La Figure scénique est créée par l'acteur en intégrant dans une seule et même structure sémiotique globale différents systèmes de signes linguistiques et non linguistiques. Ce sont «des structures à l'intérieur d'une structure», they are structures within structure (p.260). Mais parmi ces structures sémiotiques entrant dans la structure globale de la Figure scénique, les composants acoustiques (vocal components) ont une importance particulière. «L'expression vocale est la traduction directe du contour acoustique du texte, qui préexiste à toute performance théâtrale», the vocal expression is a direct translation of the sound contour of the text, which exists before any theatrical performance (p.260). Les éléments acoustiques sont donc les traces principales de la présence, forte ou faible, de l'auteur dramatique (the dramatist) dans la performance théâtrale. Dans la performance d'un texte où l'intonation est l'élément acoustique dominant, les personnages sont sans consistance, effacés, tandis que la présence de l'auteur s'impose aux spectateurs:

(263) In the performance of a text dominated by intonation, individual characters tend to become blurred in the flow of the dialogue and the author remains continuously present in the minds of the audience.
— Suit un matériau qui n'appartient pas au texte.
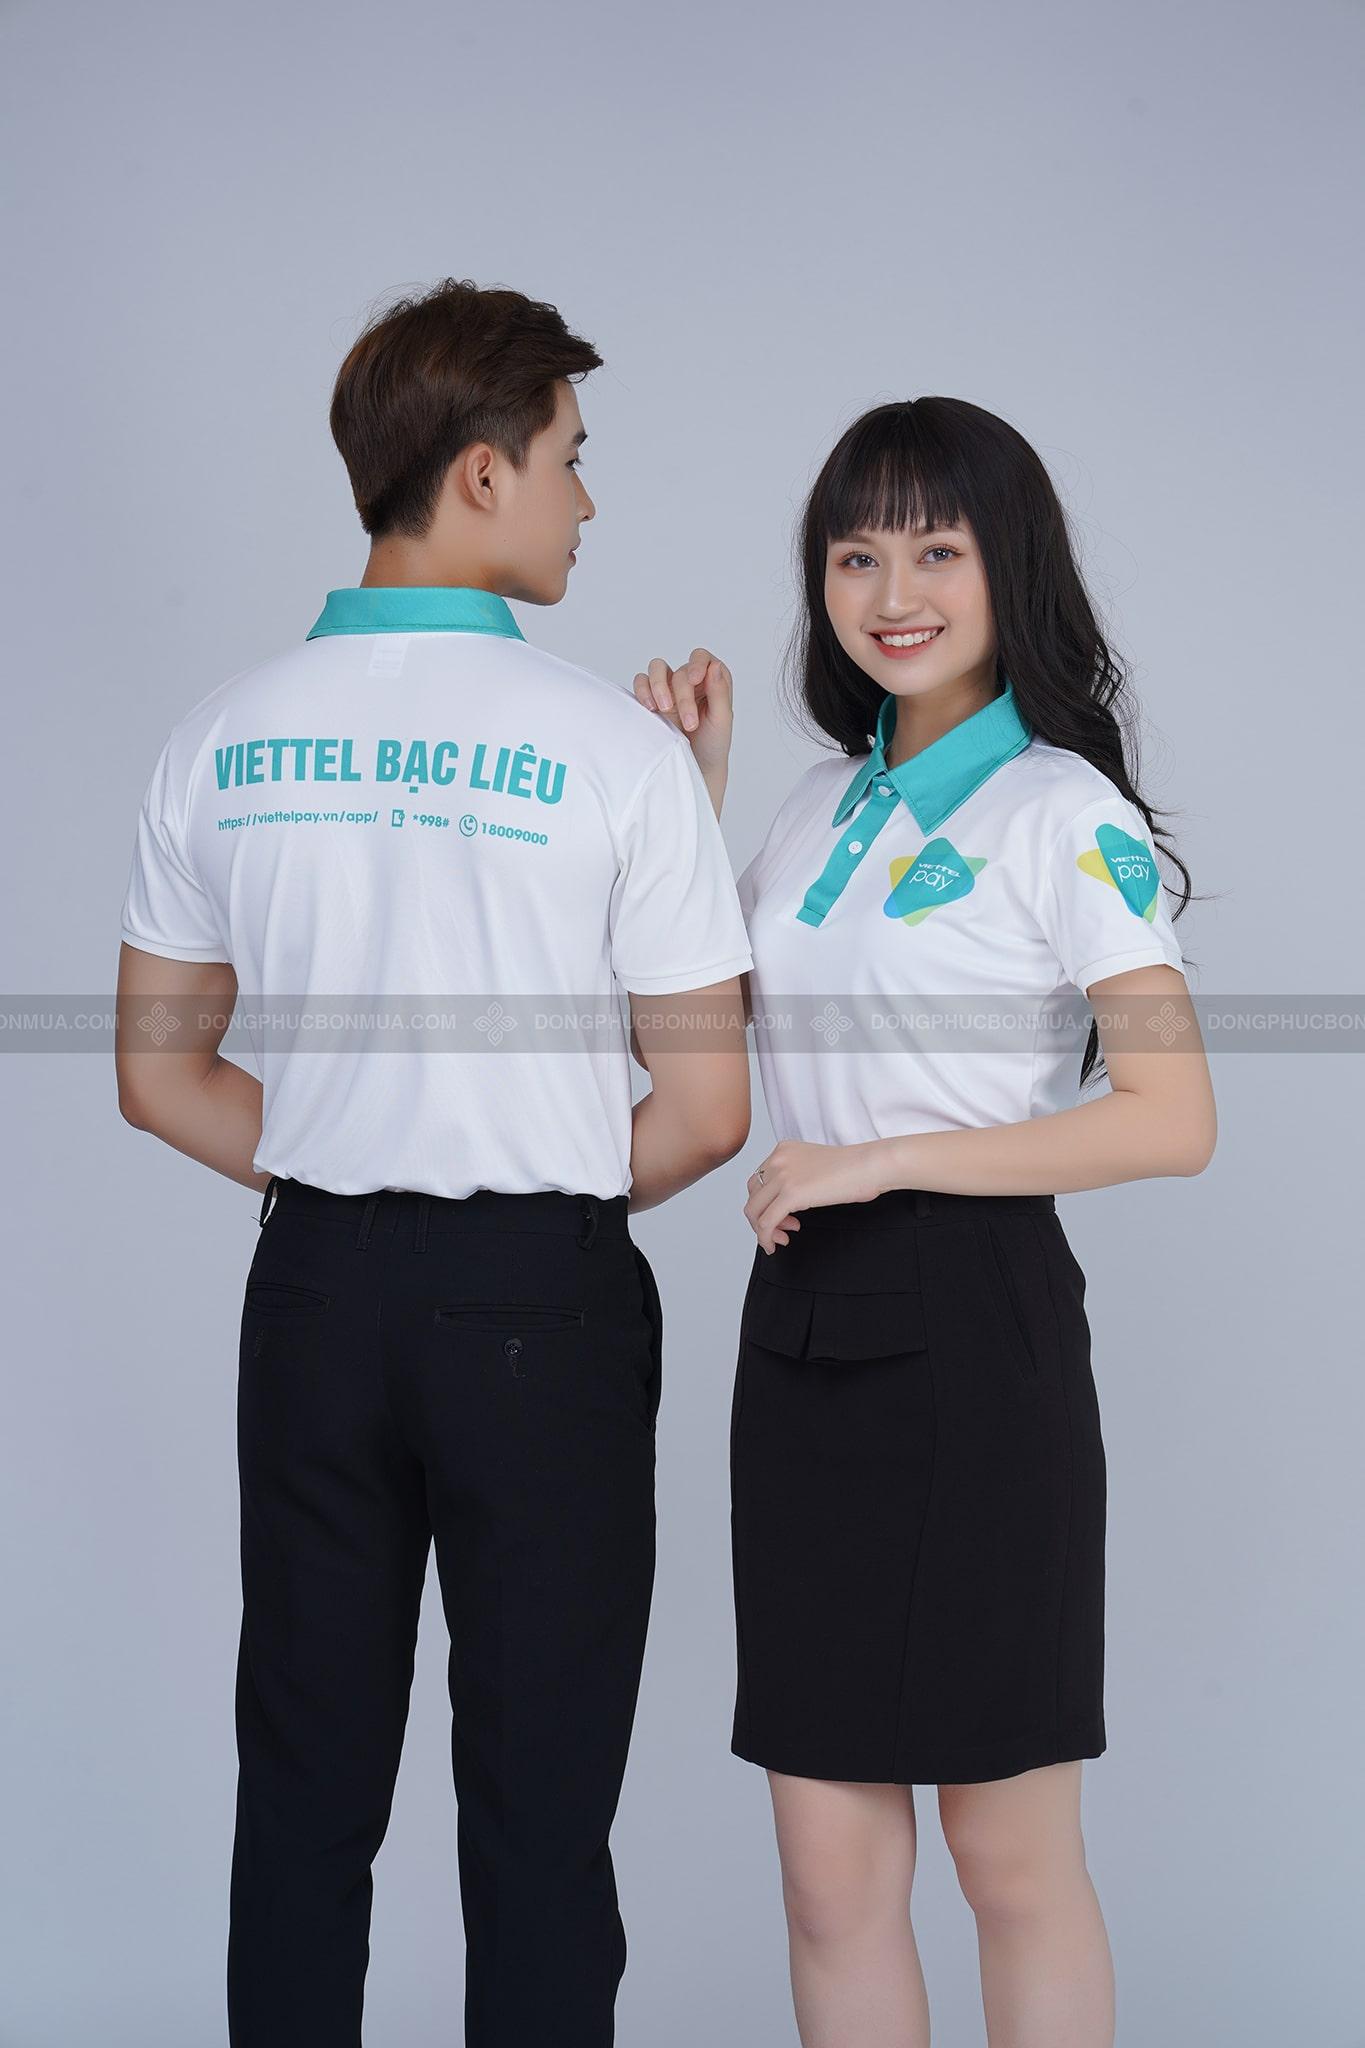 In áo thun đồng phục theo yêu cầu
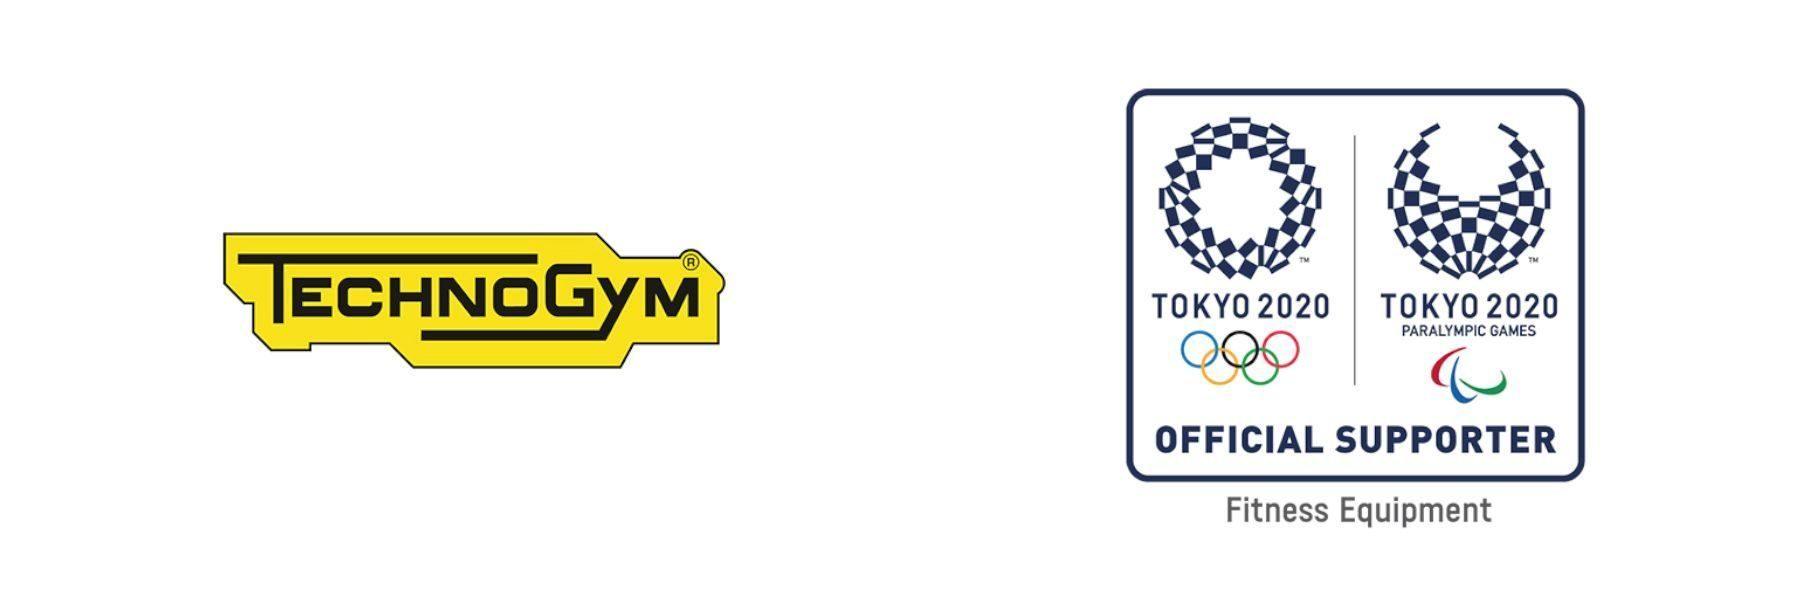 Technogym valittu Tokion kesäolympialaisten viralliseksi laitetoimittajaksi

Situation inverse lorsque l'expression vocale est dominée par les changements abrupts dans le timbre de la voix: l'auteur reste caché derrière ses personnages:

(263) The situation is entirely different when abrupt changes in timbre dominate the vocal expression of the actors: the characters are in the forefront and the dramatist remains more or less hidden behind them.

Le metteur en scène prend le pouvoir, il décide des timbres de voix et des gestes en interprétant à sa guise les didascalies: This is where the stage director takes over from the dramatist (p.263). Et l'acteur acquiert un maximum de liberté dans ses mouvements:

(264) In the performance of a text relying mainly on timbre, the actor's freedom increases as well. The many semantic gaps in the direct speech enable him to shape his independent movements as he sees fit. The text only predetermines their global meaning, the starting point and the outcome of every movement, not the specific means by which it is to be carried out.

Ainsi donc le poids du metteur en scène et la liberté des comédiens dépendent du choix fait par l'auteur dramatique d'un élément dominant dans le contour acoustique du texte de la pièce.